**Exercise directions**
Write the data below out exactly as it stands. Do not include the pictures.

**Exercise data**
##############################
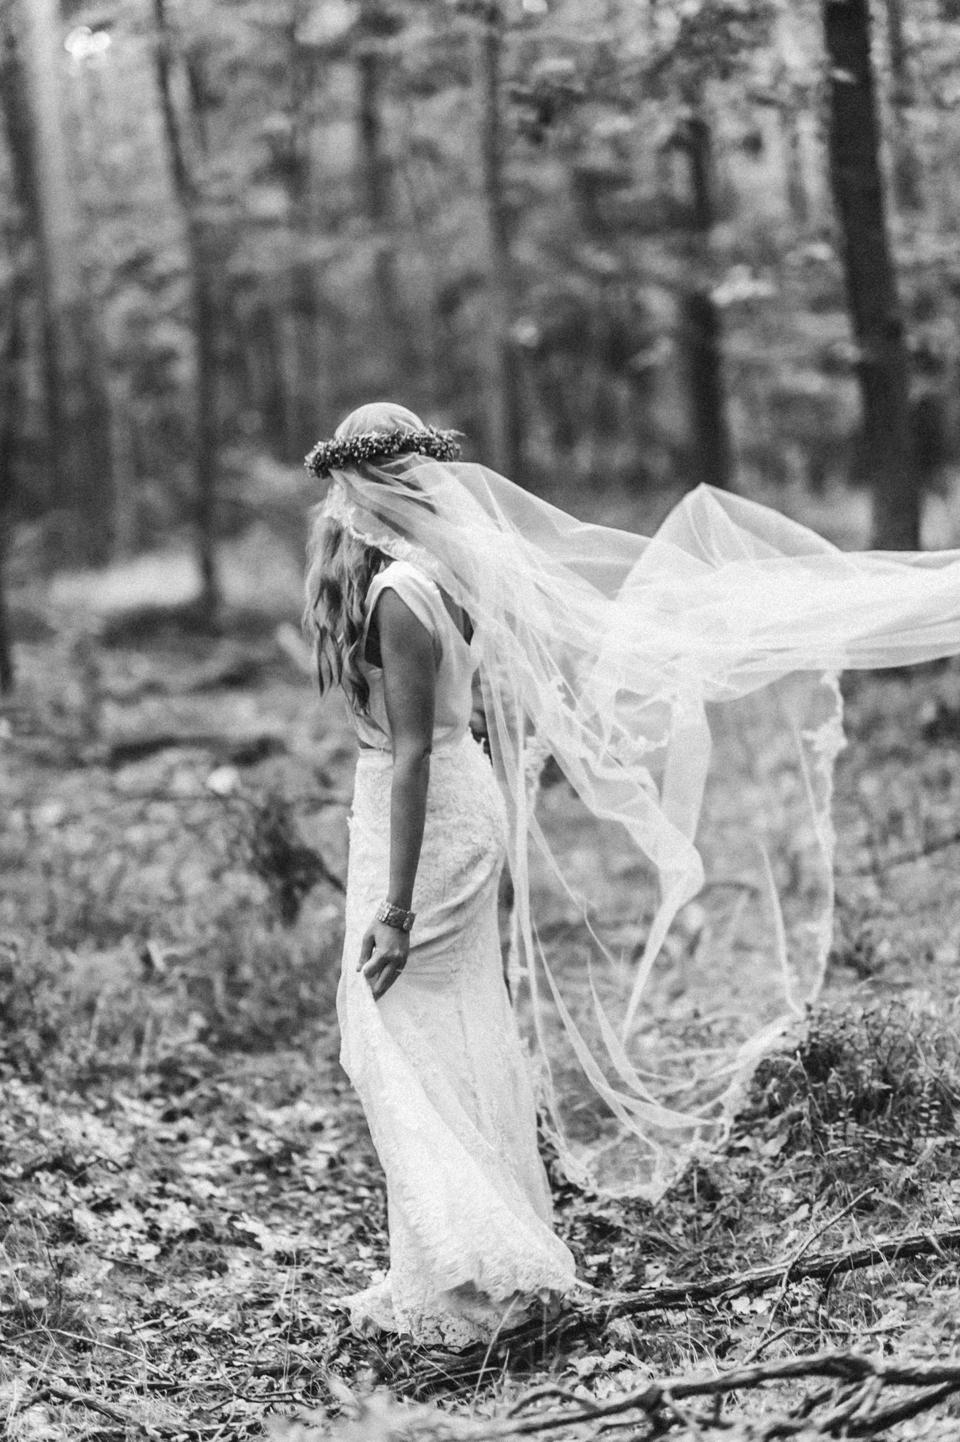 rembostyling-weddinginspiration-kreativ-wedding-wedding-belin-loft23_0422
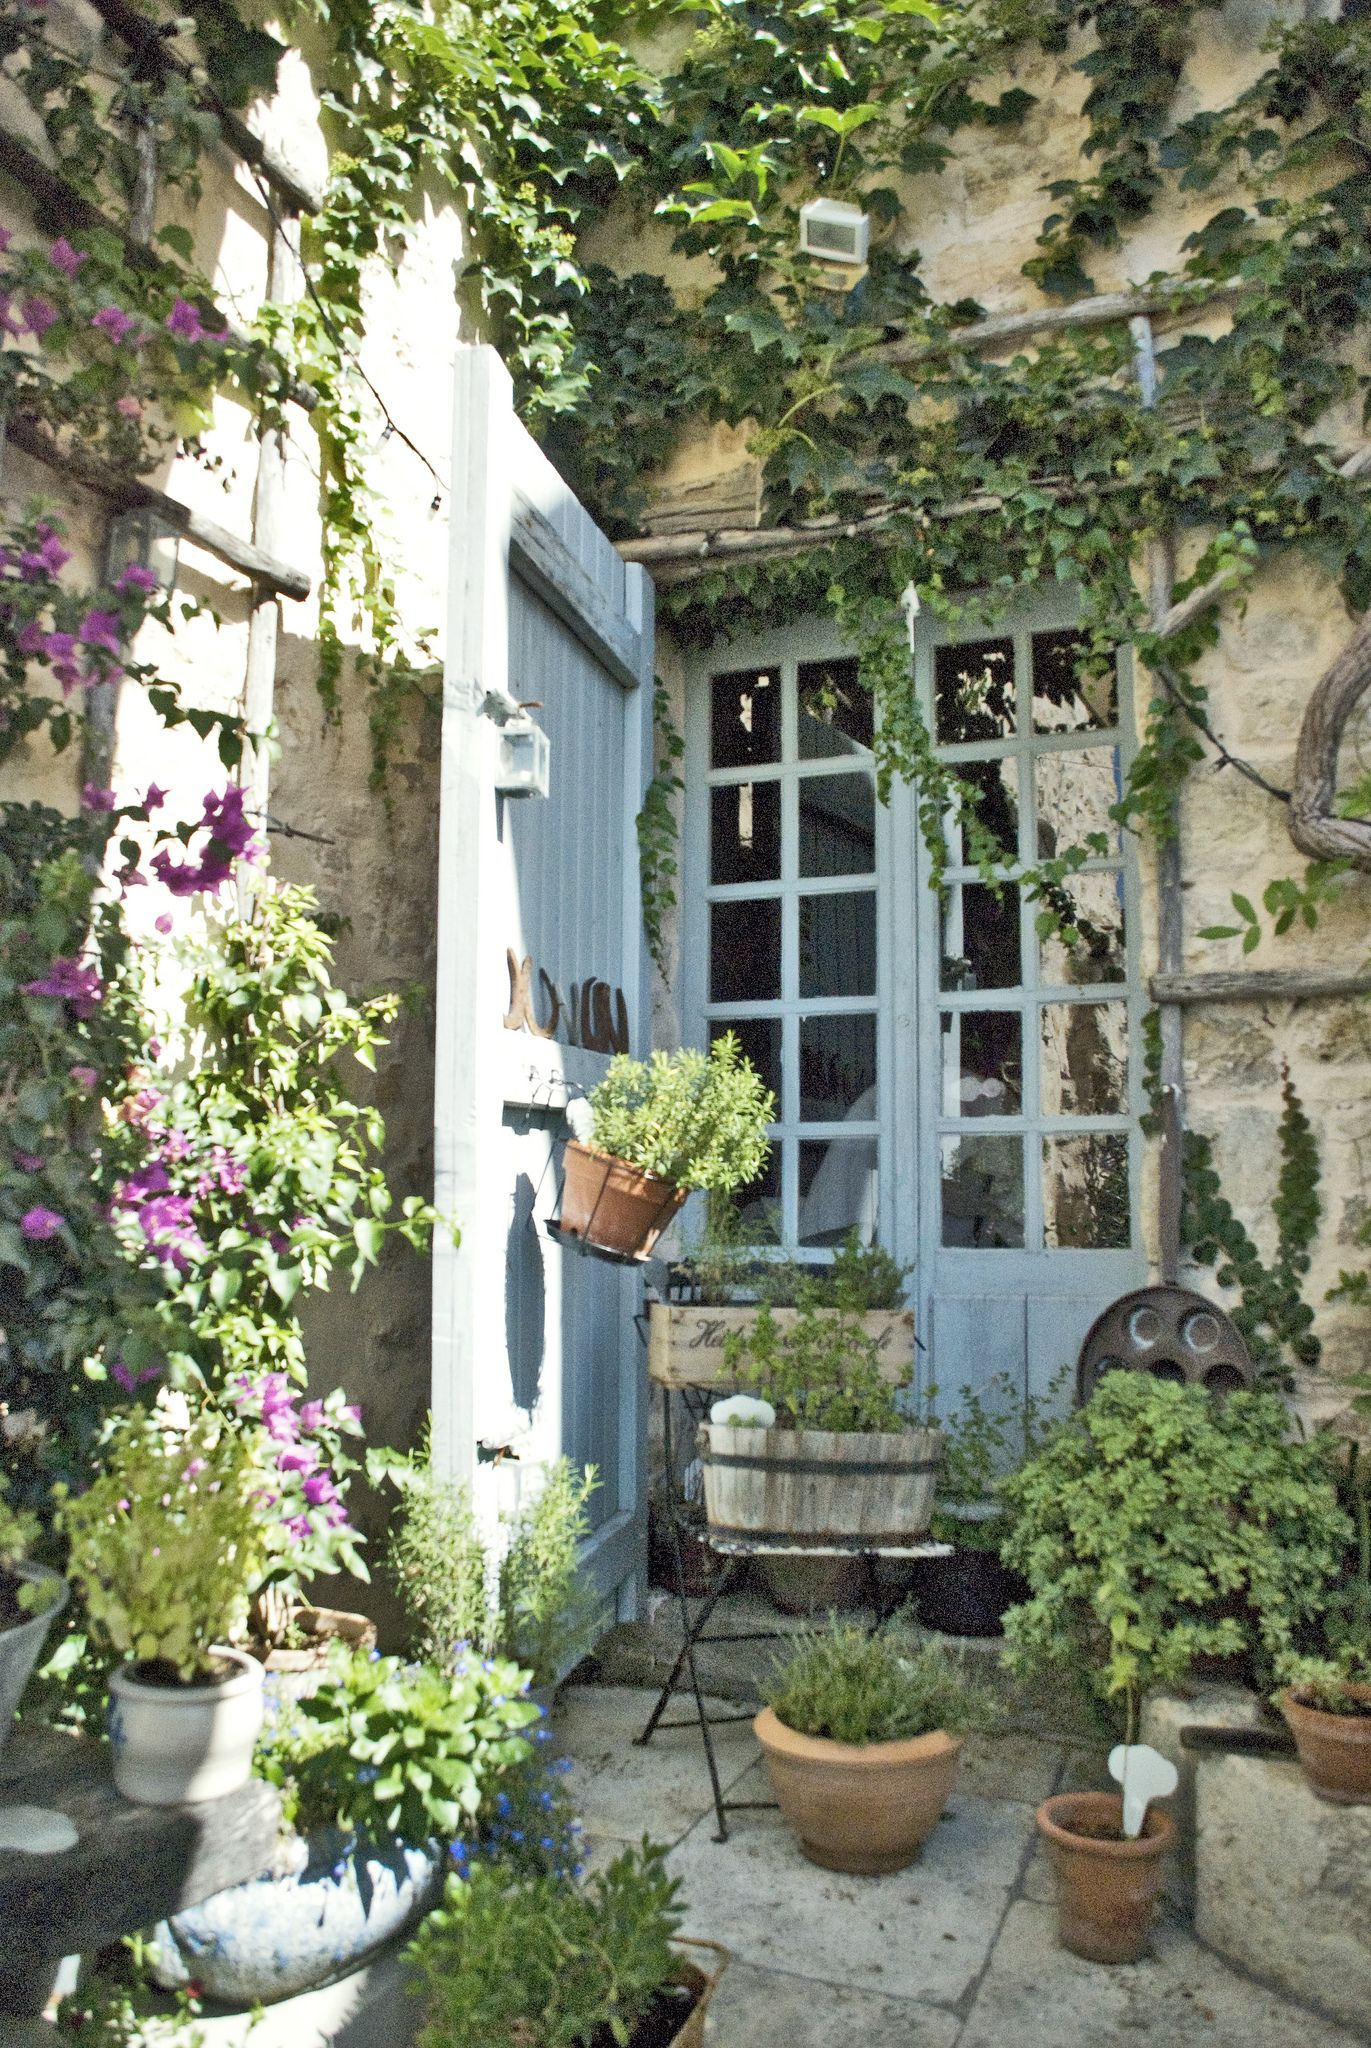 42+ French courtyard garden ideas ideas in 2021
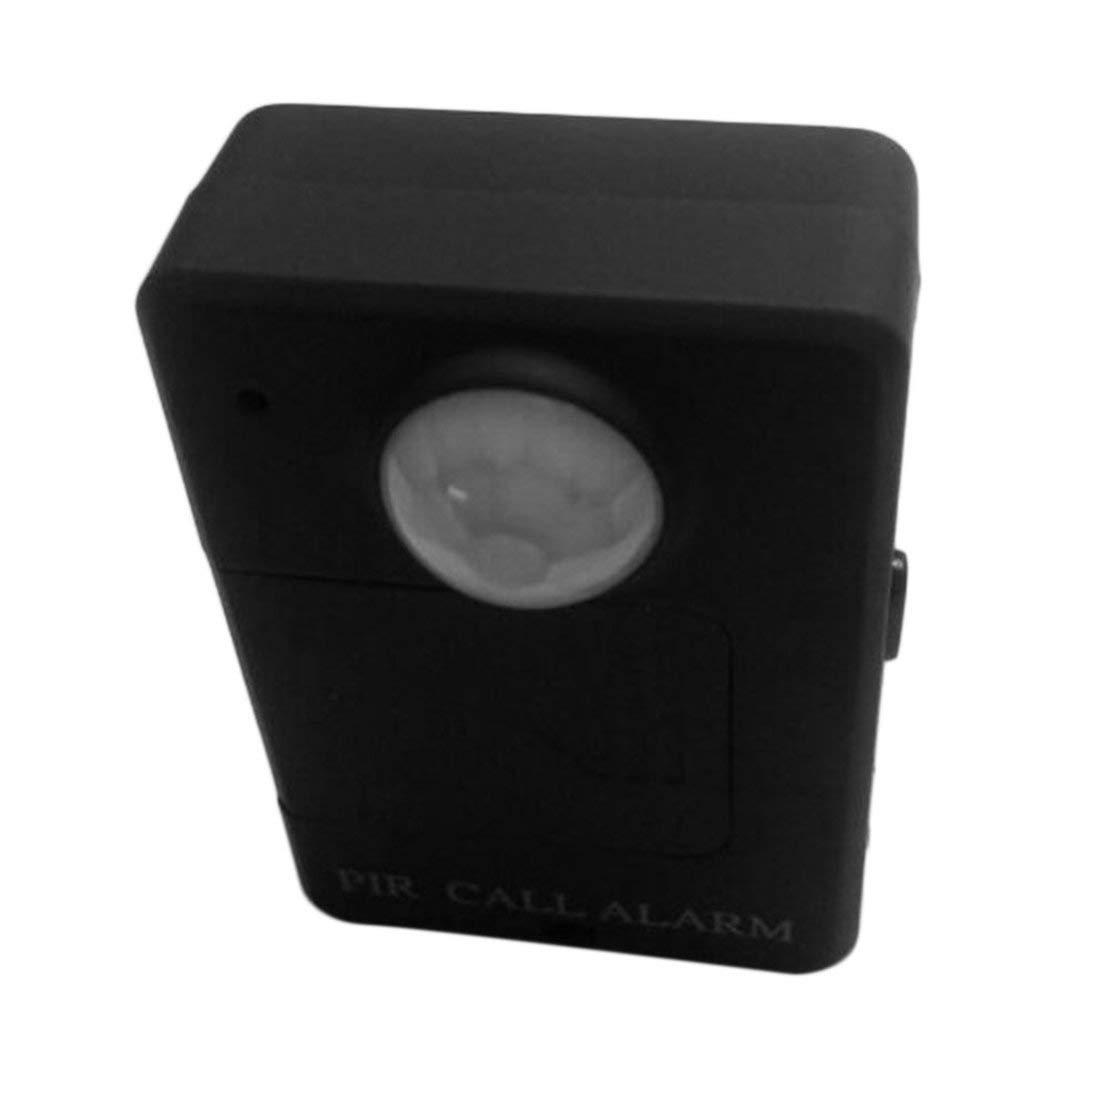 Mini PIR Alert Sensor Infrared GSM Wireless Alarm Monitor Motion Detection Hot Selling Anti-theft Motion Detector Wireless
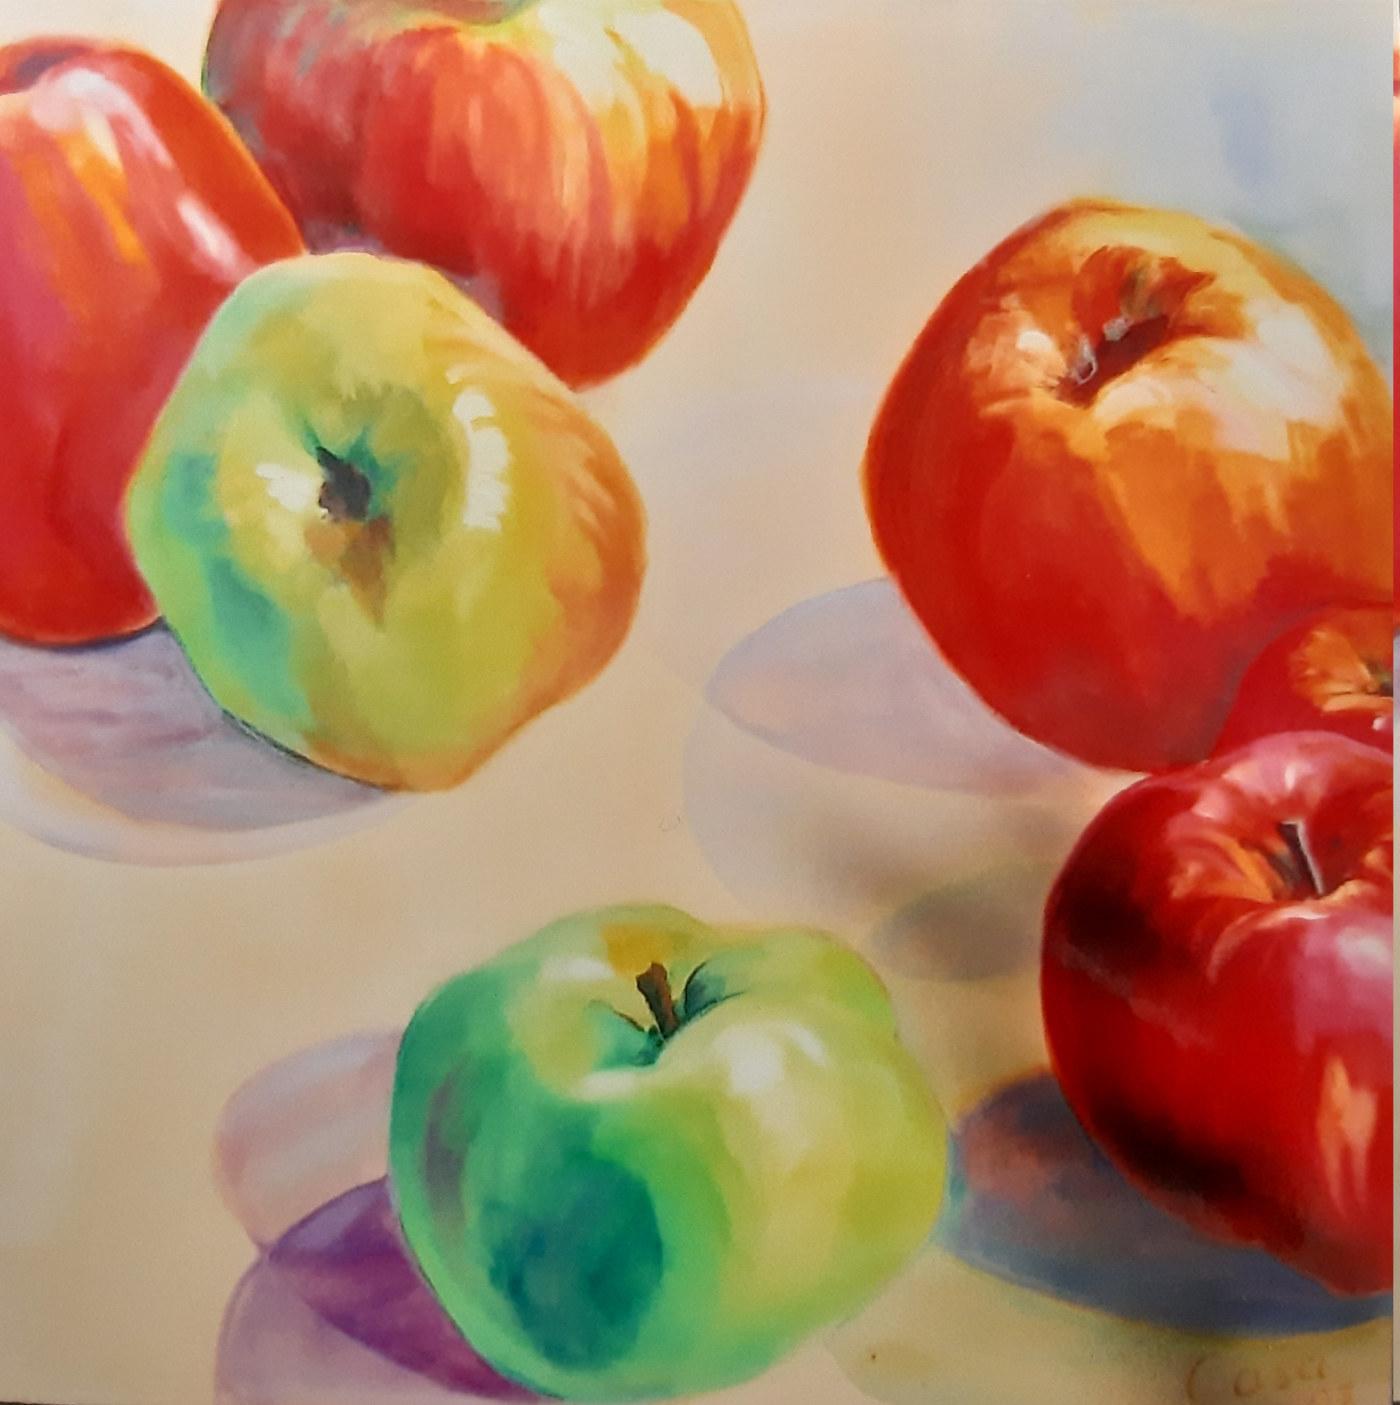 Äpfel im Angebot - Acryl auf Leinwand - 100 x 100 cm
##############################
**Result of this task**
 rembostyling-weddinginspiration-kreativ-wedding-wedding-belin-loft23_0422
 42+ French courtyard garden ideas ideas in 2021
 Mini PIR Alert Sensor Infrared GSM Wireless Alarm Monitor Motion Detection Hot Selling Anti-theft Motion Detector Wireless
 Äpfel im Angebot - Acryl auf Leinwand - 100 x 100 cm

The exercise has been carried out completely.